To grasp Obrist’s unique use of time, the best place to start is not history, nor Heathrow, but Le Bescherelle 1: L’art de conjuguer (The Bescherelle 1: The Art of Conjugating), a slim French grammar book named after the 19th-century lexicographer brothers Louis Nicolas and Henri Bescherelle. Every Francophone has a Bescherelle, which transforms the confusion of conjugating verbs into one easy chart. Obrist has mastered the art of conjugating his projects with the Bescherelle system: indicative statements, imperative commands, subjunctive wishes, conditional clauses. His ongoing Internet project and series of volumes ‘Do It’ – a how-to compendium of artist proposals – covers the imperative present tense as well as the indicative future (when some soul decides that he will do one of the proposals) and the indicative anterior future (when the project will have been done). With ‘Do It’, Obrist curates the future by proxy.

His brilliance lies in manipulating the past tenses. To make up for bygone childhood years and beyond, Obrist, who turned 40 last May, captures the work of historical curators with the indicative past tense (citing what Alexander Dorner did at the Hannover Museum in the 1920s). But his real masterpiece is the Agency for Unrealised Projects, which he co-directs with Julia Peyton-Jones at the Serpentine Gallery. The unrealised artist project gets hold of the slippery conditional past tense: an event that did not actually occur but could have taken place. By presenting these unrealised projects, Obrist curates both past and future by proxy.
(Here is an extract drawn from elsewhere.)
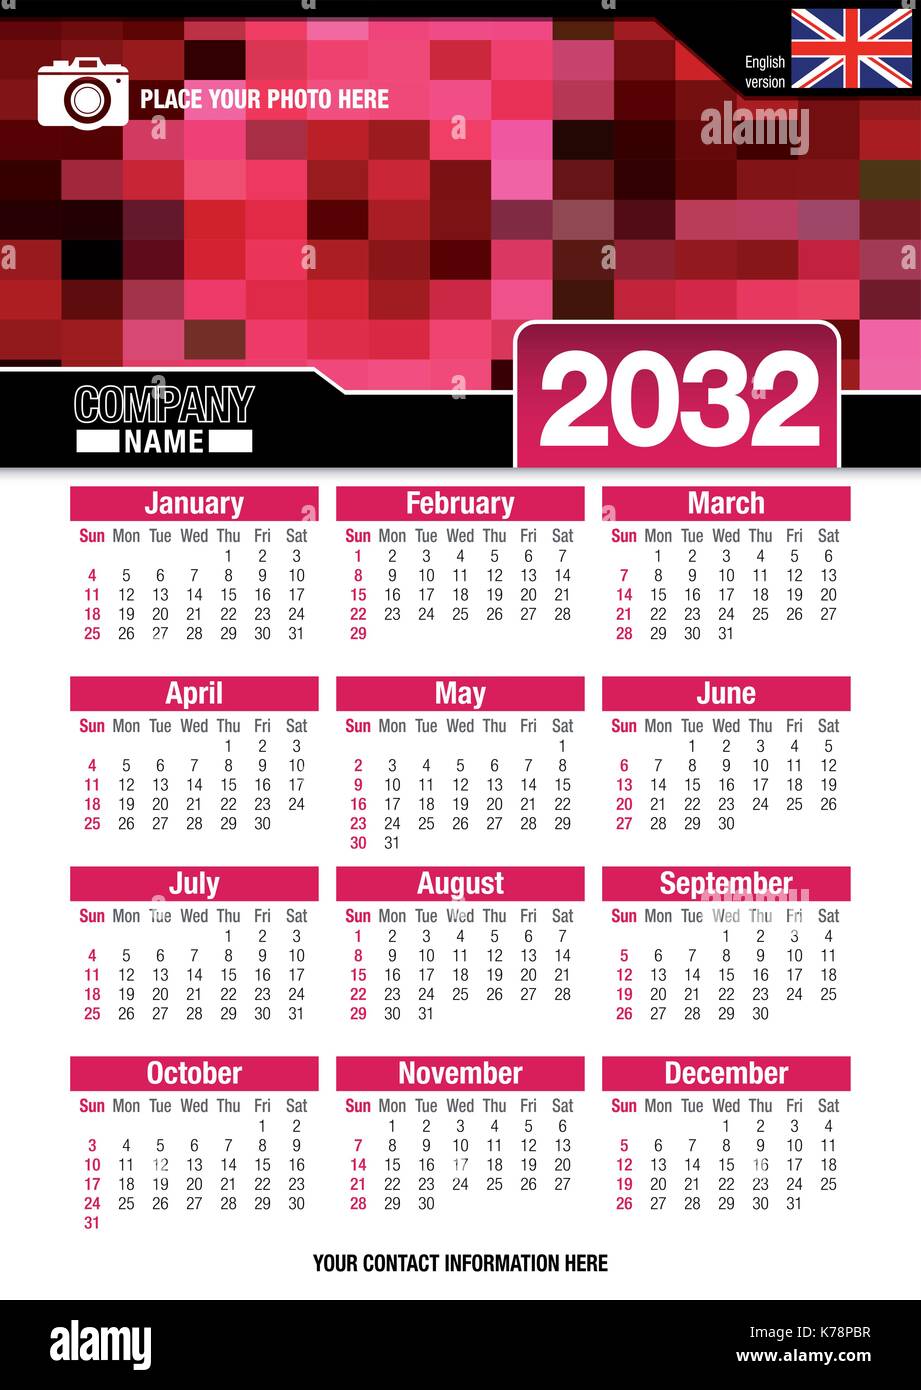 Utile calendario da parete 2032 con design di colori rosso mosaico. Formato A4 verticale. Dimensioni: 210mm x 297mm. Versione Inglese - immagine vettoriale Illustrazione Vettoriale

Conjugating more than curating, Obrist thrives in multiple times. How will he tackle Bescherelle’s subjunctive pluperfect and conditional second past tenses, which don’t even exist in English? For the time being, I’d like to offer him a belated birthday gift in the guise of a new denomination: Hans-Ulrich-Obrist years. These last even longer than those Halberstadt organ years. Your name gets an extra year of longevity per project; two years per exhibition; five per publication; seven per interview, and 50 for every Bescherelle tense beyond the indicative present. In human years, Obrist just turned 40; if he were a dog, he’d be around seven; as an organ, he’s about 320; but in Hans-Ulrich-Obrist years … why, he’s pushing 12,367! By writing about Obrist, I picked up a few HUO-years myself, the goal of any go-getter. Yet looking good is more interesting than longevity to me. If I could get HUO-years in a facial cream, I’d celebrate his birthday every minute of every day. Long live Obrist!

Jennifer Allen is a writer and critic based in Berlin.